I've heard some punters thinking he is a decent fighter as well.


----------



## DaveyBoyEssexUK (Jun 8, 2013)

One to watch said:


> Stopped.
> 
> Well done Jon Lewis Dickinson.great performance over a man who put conquest and keane to sleep.he deserves his Lonsdale belt for keeps.
> 
> His last 7 fights have been wins over David Dolan,Chris burton,matty askin,Shane mcphilbin,David Dolan,mike stafford and now Neil Dawson.its not exactly murderers row but it's the consistency that is required of the no 1 in the division,and it will be interesting to see what he will do now.


And yet i think Conquest would beat Dickinson if they fought


----------



## Mandanda (Jun 2, 2012)

Dickinson did well. Dawson wasn't up to much and i think when you fight him as a puncher rather then just a uncoordinated guy you will succeed. Dickinson would get battered by Bellew and Cleverly. 

He looked good against a guy who's punch surpassed his skill level. Dickinson does little things that i don't like he over anticipates the jab and parry's when there isn't a punch. Feint jab, left hook would cause him problems..

Bellew and Cleverly would be to skilled for Dickinson. Big jump from Dawson to Euro/Fringe world class guys like them two.


----------



## One to watch (Jun 5, 2013)

DrMo said:


> Good performance by JLD, very effective if not the most exciting. I still think Simmons beats him.
> 
> Dunno where Dickinson goes from here, there are still plenty of domestic options that I'd like to see
> .


I've always rated Simmons above JLD,but it would be a good scrap right now.JLD isn't affiliated to warren as of yet,so let's hope Hearn can entice him to a burns undercard.


----------



## DrMo (Jun 6, 2012)

One to watch said:


> Dickinson has fast hands and very good timing.
> 
> If he was to get in with one of our big 2 then I'd say it was a good learning curve at the weight for them,as Dickinson is 6foot 4 and a stripped down heavy.i would expect clev to be far too varied for him,and bellew to be too sharp after a few close rounds.
> 
> I'm not sure what JLD can do now,unless he stays at British level of course.the European is held by Gregory drozd and he wouldn't have much trouble with Dickinson in my opinion,but If he gets the chance then why not.

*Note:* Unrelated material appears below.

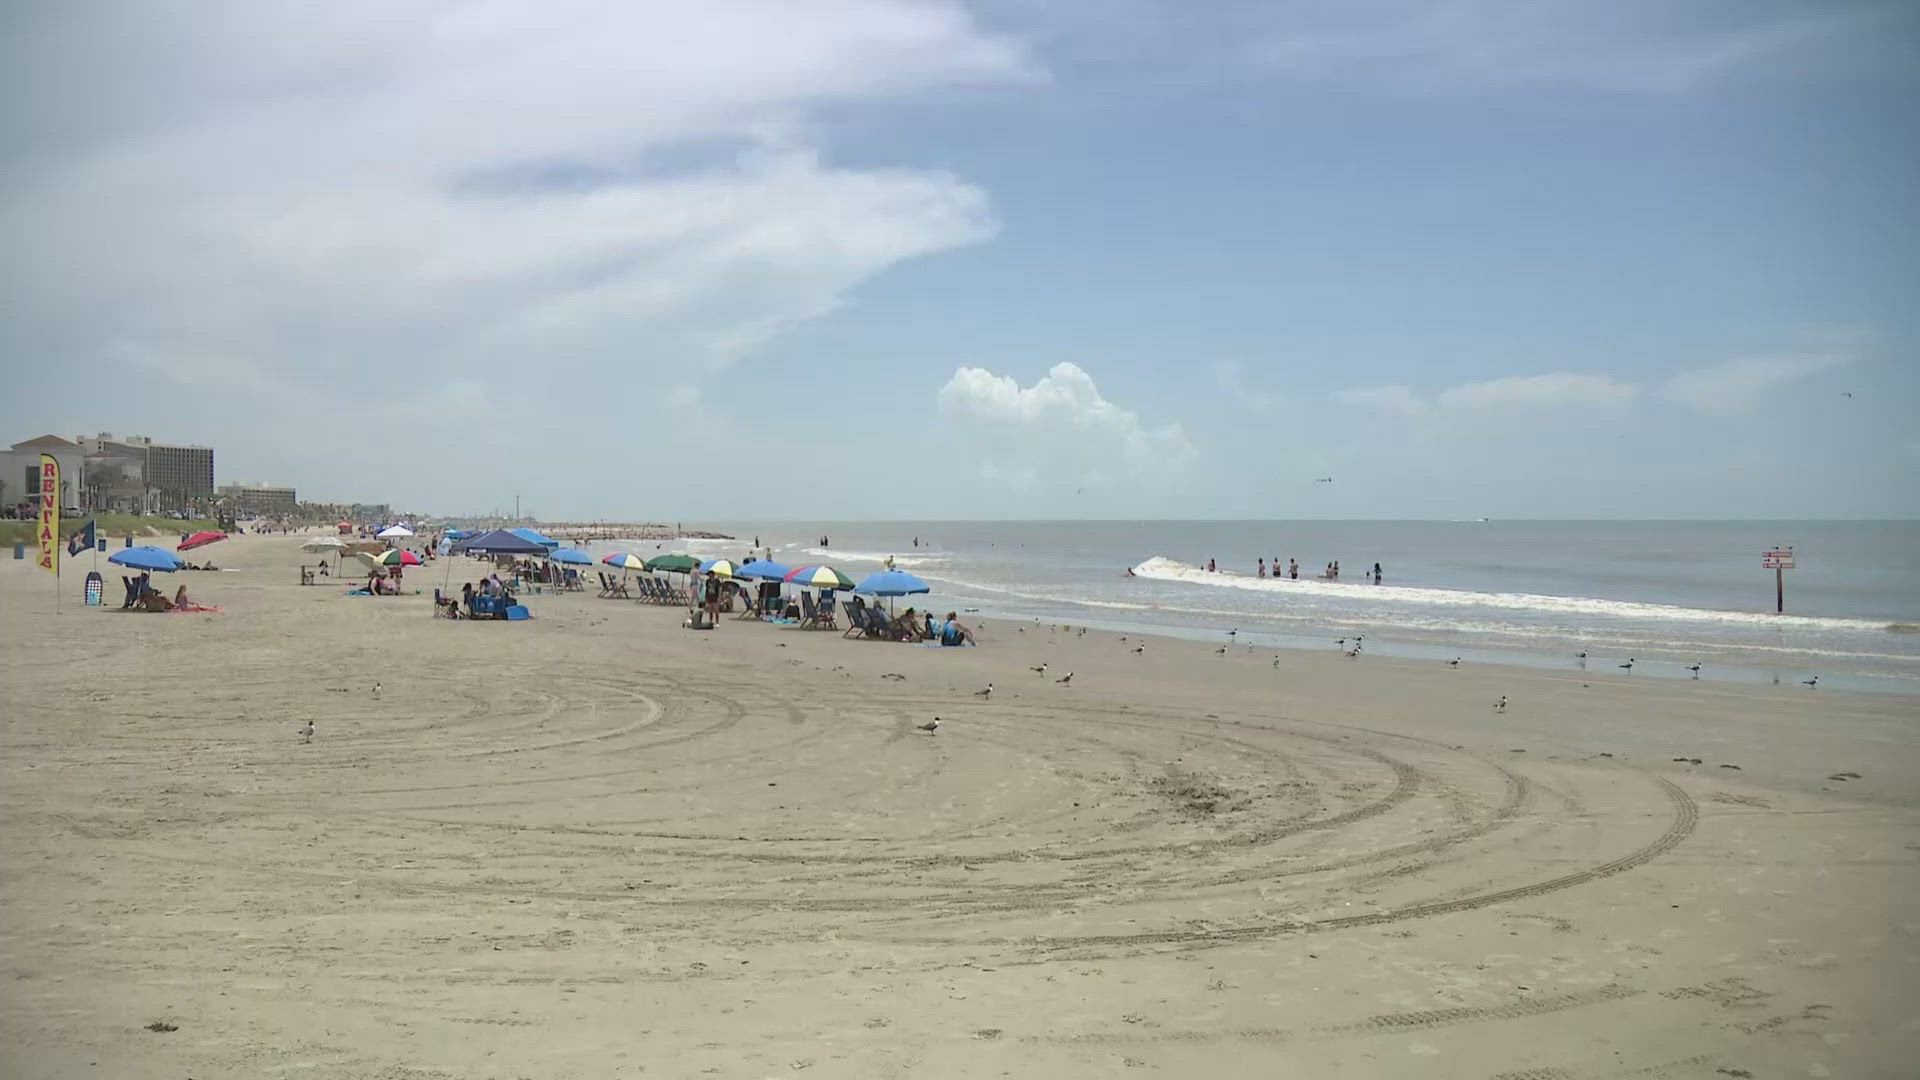 People visiting Galveston Island are encouraged to keep an eye on water conditions during the Fourth of July and beyond.
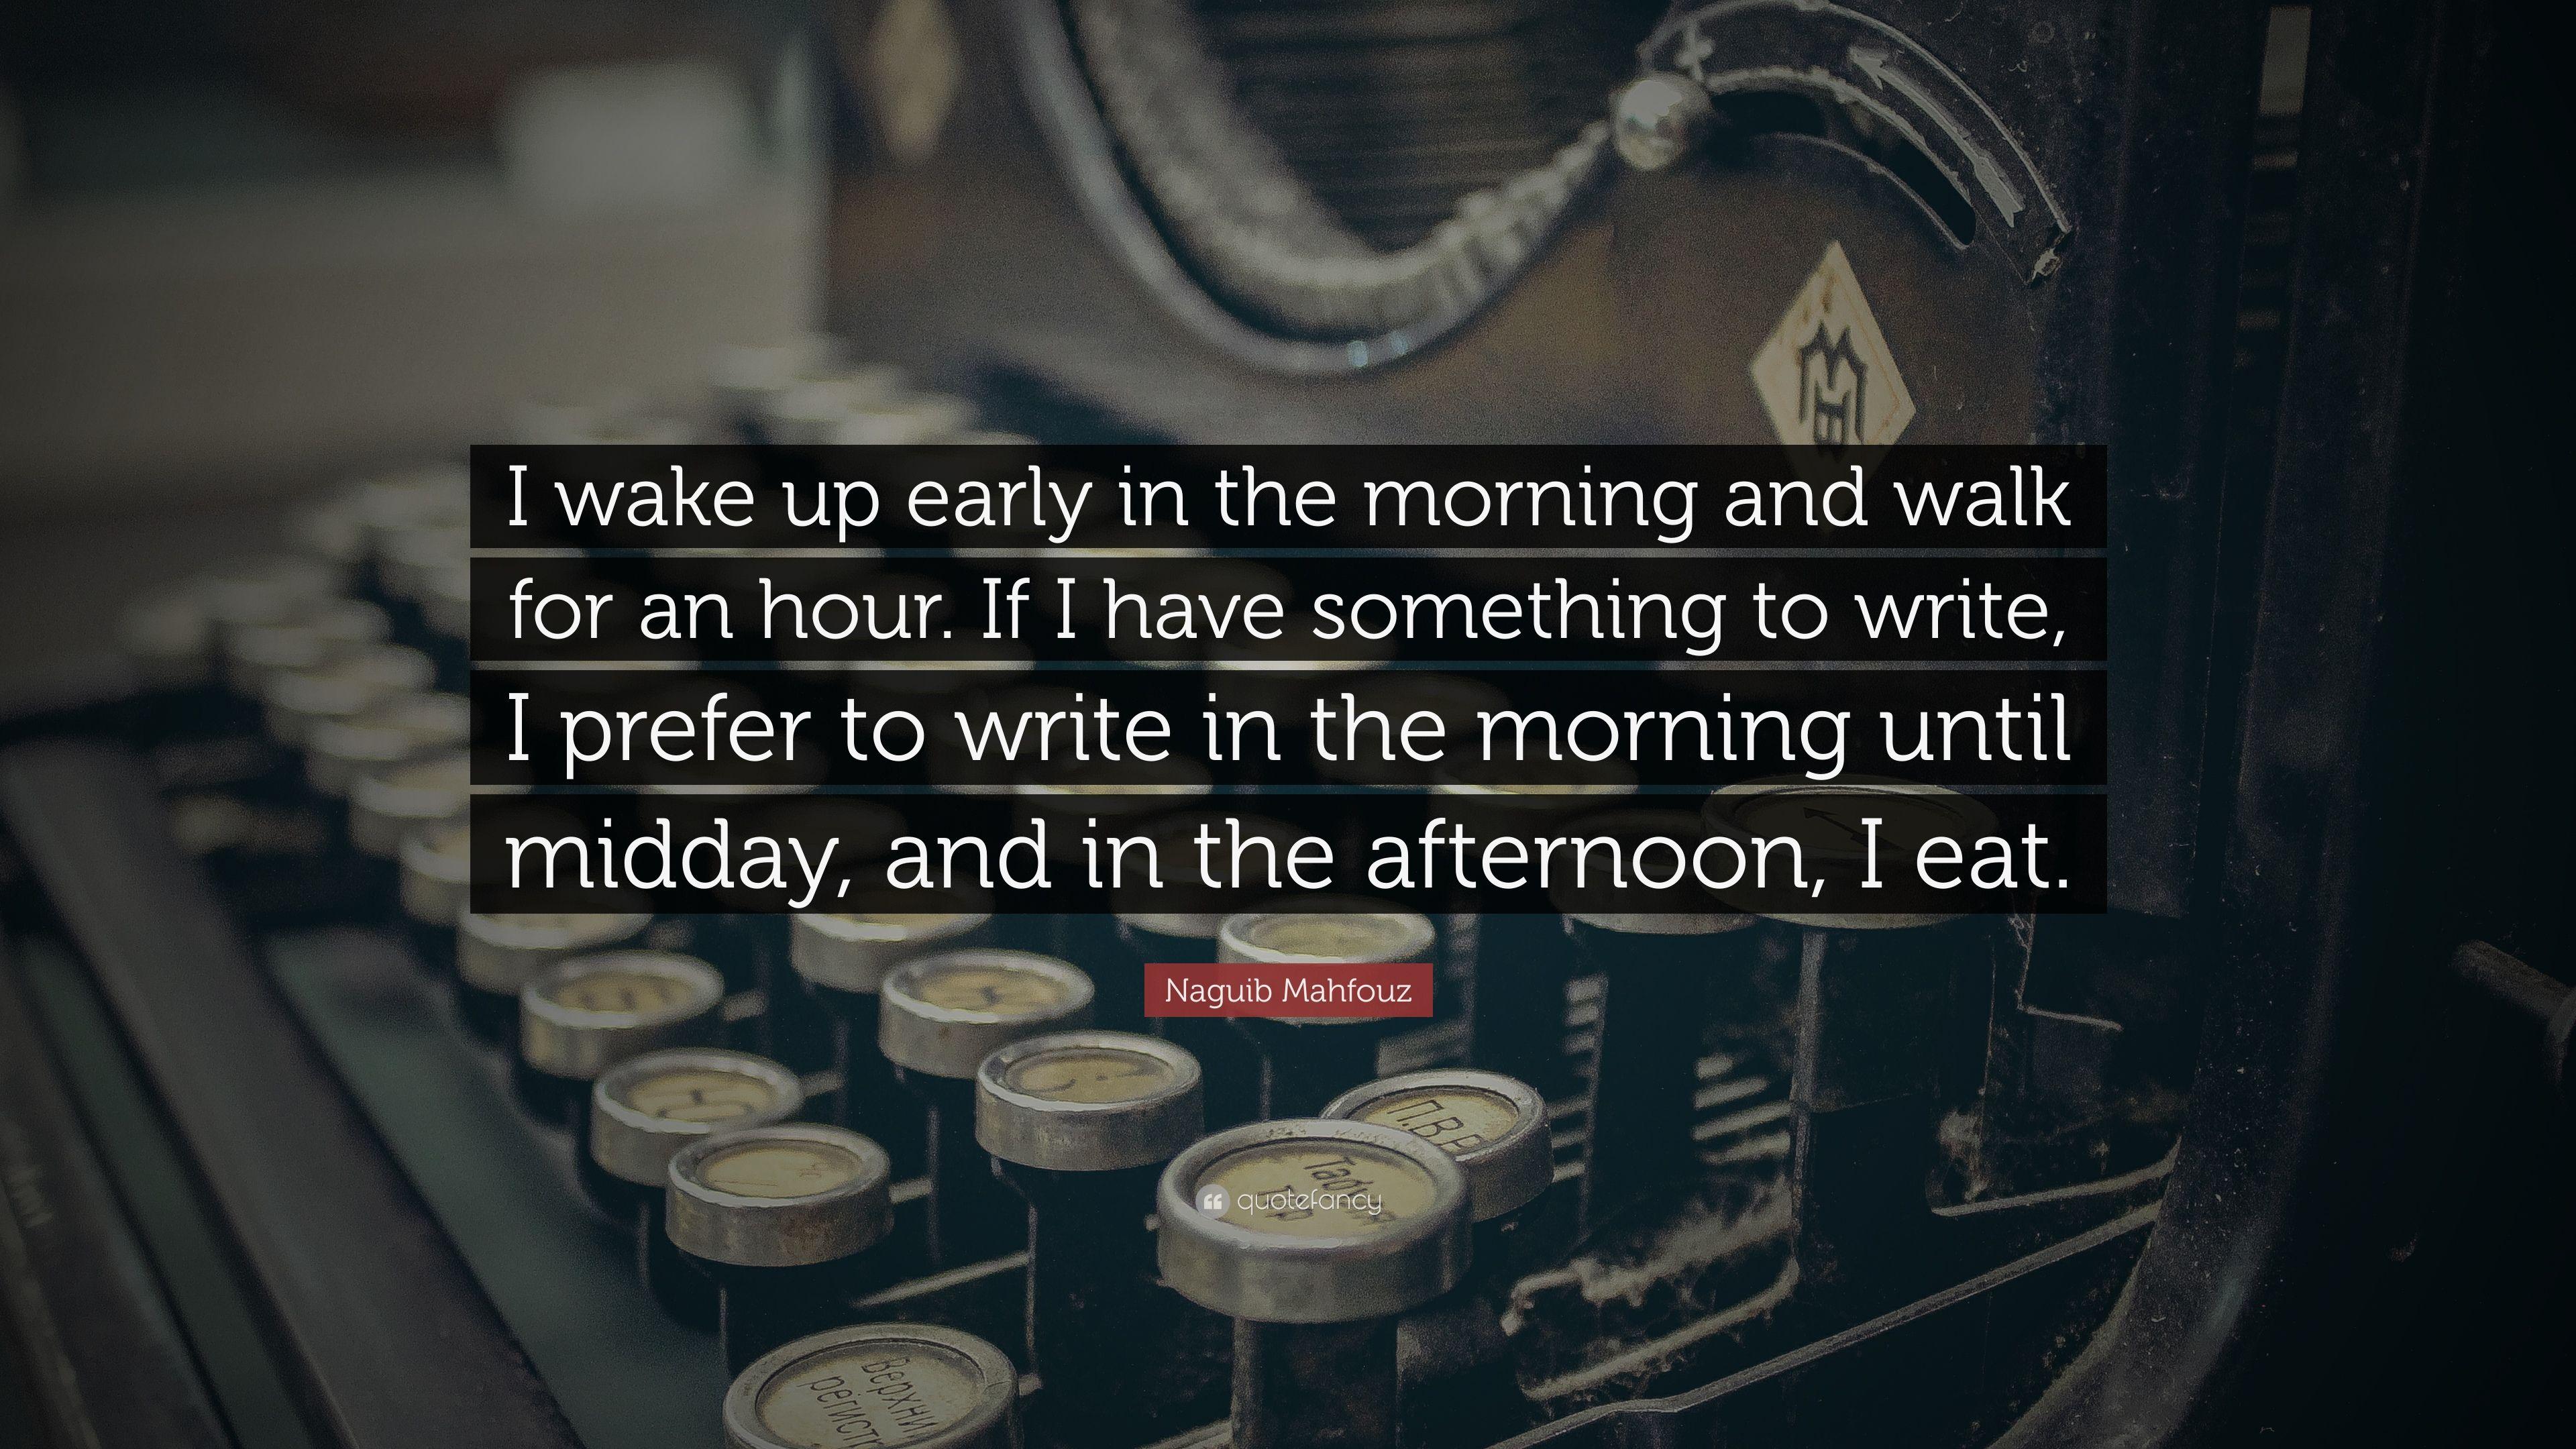 Naguib Mahfouz Quote: “I wake up early in the morning and walk

Drozd is #3 & #4 with the WBA & WBC, I think he'll fight for a world title fairly soon.


----------



## One to watch (Jun 5, 2013)

DrMo said:


> Drozd is #3 & #4 with the WBA & WBC, I think he'll fight for a world title fairly soon.


In which case,Simmons-JLD for the vacant EBU title.


----------



## DaveyBoyEssexUK (Jun 8, 2013)

One to watch said:


> In which case,Simmons-JLD for the vacant EBU title.


Lets get Simmons vs Camacho done first!!


----------



## Mandanda (Jun 2, 2012)

Gavin's fights are as bad as his haircut..


----------



## Berliner (Jun 6, 2013)

One to watch said:


> In which case,Simmons-JLD for the vacant EBU title.


I think masternak will want to get his european title back.


----------



## One to watch (Jun 5, 2013)

How is this guy ranked by the WBO.

He beat a debutant last time out.over 12 rounds!!!


----------



## DrMo (Jun 6, 2012)

One to watch said:


> In which case,Simmons-JLD for the vacant EBU title.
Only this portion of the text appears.